Theme D) Machine learning engineering

Optimizing Casanovo for Real-Time De Novo Peptide Sequencing

Proposed Mentors: William Stafford Noble, Wout Bittremieux
Skills: Python, PyTorch, Deep learning, Profiling
Estimated Project Length: 350 hours | Difficulty: Advanced

De novo peptide sequencing is a powerful approach for molecular discovery that deciphers peptides directly from tandem mass spectrometry (MS/MS) data. Casanovo is a state-of-the-art AI tool that treats de novo sequencing like a language translation problem—converting sequences of peaks in an MS/MS spectrum into amino acid sequences, just like translating one language into another. Powered by a transformer deep neural network, Casanovo has already revolutionized peptide sequencing, but its inference speed remains a bottleneck.
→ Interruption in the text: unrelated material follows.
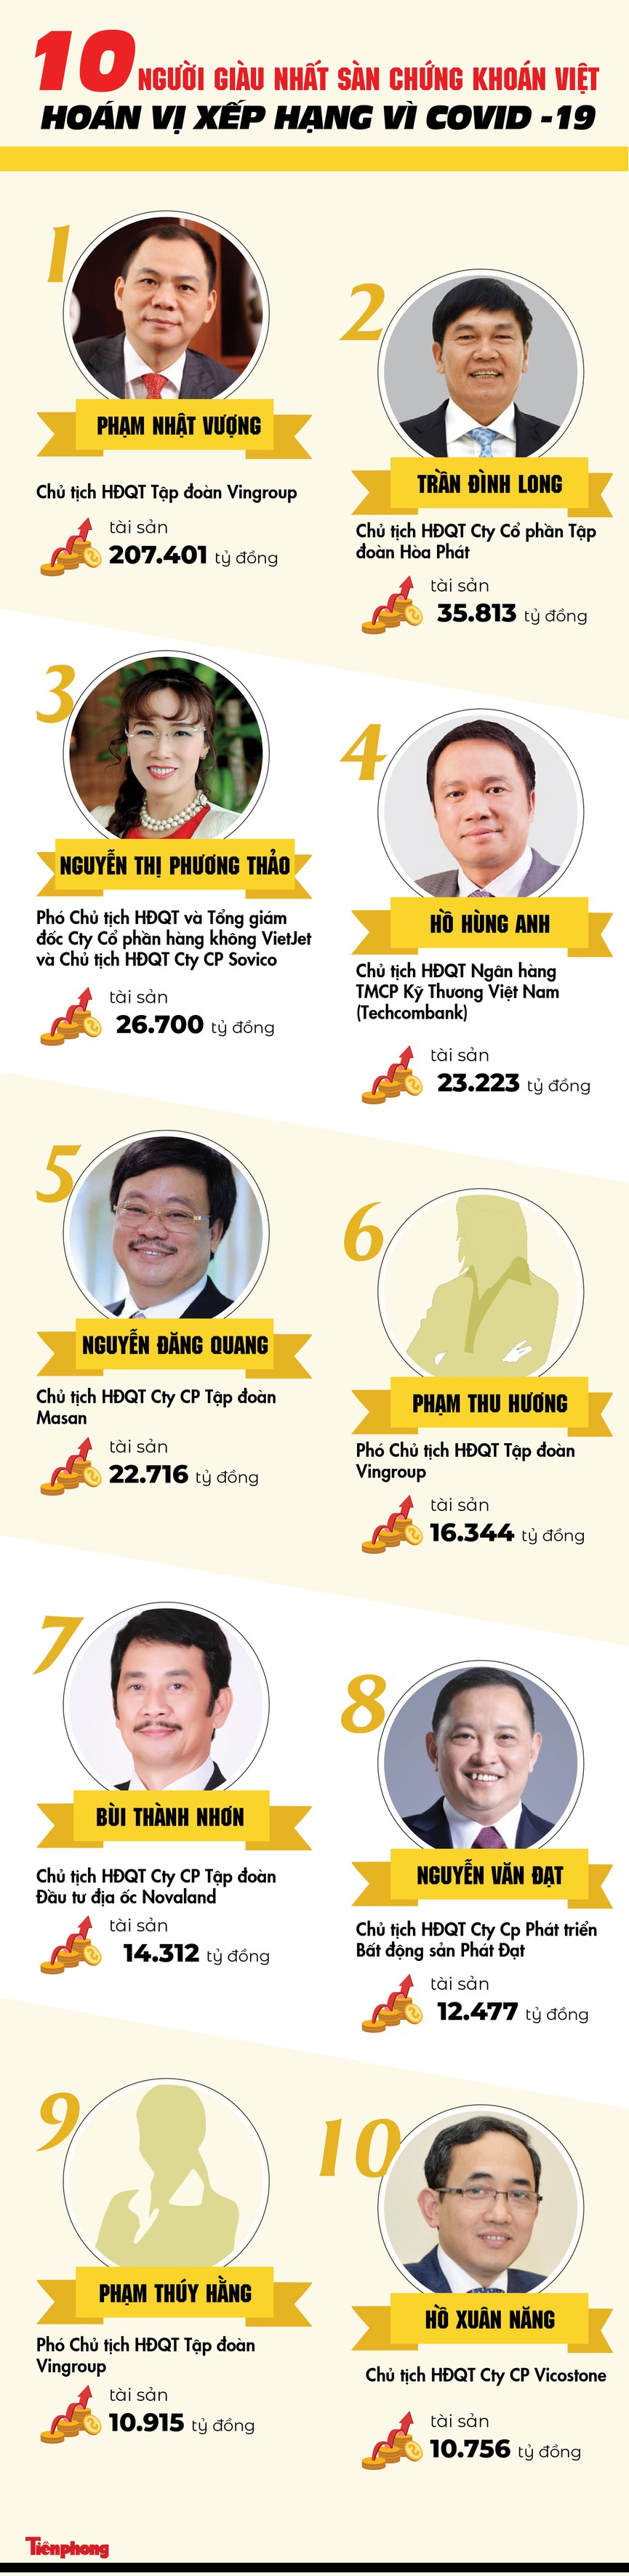 10 người giàu nhất sàn chứng khoán Việt: Hoán vị xếp hạng vì COVID -19 - ảnh 1

In this project, we aim to optimize Casanovo to enable real-time sequencing of spectra as they are produced on the mass spectrometer at a rate of approximately 20–100 Hz. In this setting, we need to achieve both high throughput and low latency.

A version of Casanovo capable of real-time sequencing will enable the mass spectrometer to make decisions in real time about which types of peptide dissociation techniques to employ or whether to subject a given collection of ions to additional rounds of fragmentation. In so doing, we can use real-time Casanovo to unlock new biological insights at an unprecedented scale. Whether it’s identifying unknown proteins, uncovering disease biomarkers, or advancing drug discovery, your contributions will have a real-world impact on science and healthcare. If you love machine learning, performance optimization, and AI-driven discovery, then this project is your chance to make a difference in computational biology.

Project Goals:
This project aims to produce the world’s first real-time de novo sequencer, enabling researchers to make new discoveries and push the boundaries of proteomics research. You will:

Profile performance bottlenecks in Casanovo’s new, non-autoregressive inference pipeline to pinpoint slowdowns.
Optimize key computations to improve runtime efficiency and minimize latency.
Experiment with model distillation techniques to produce a lightweight version of the Casanovo model.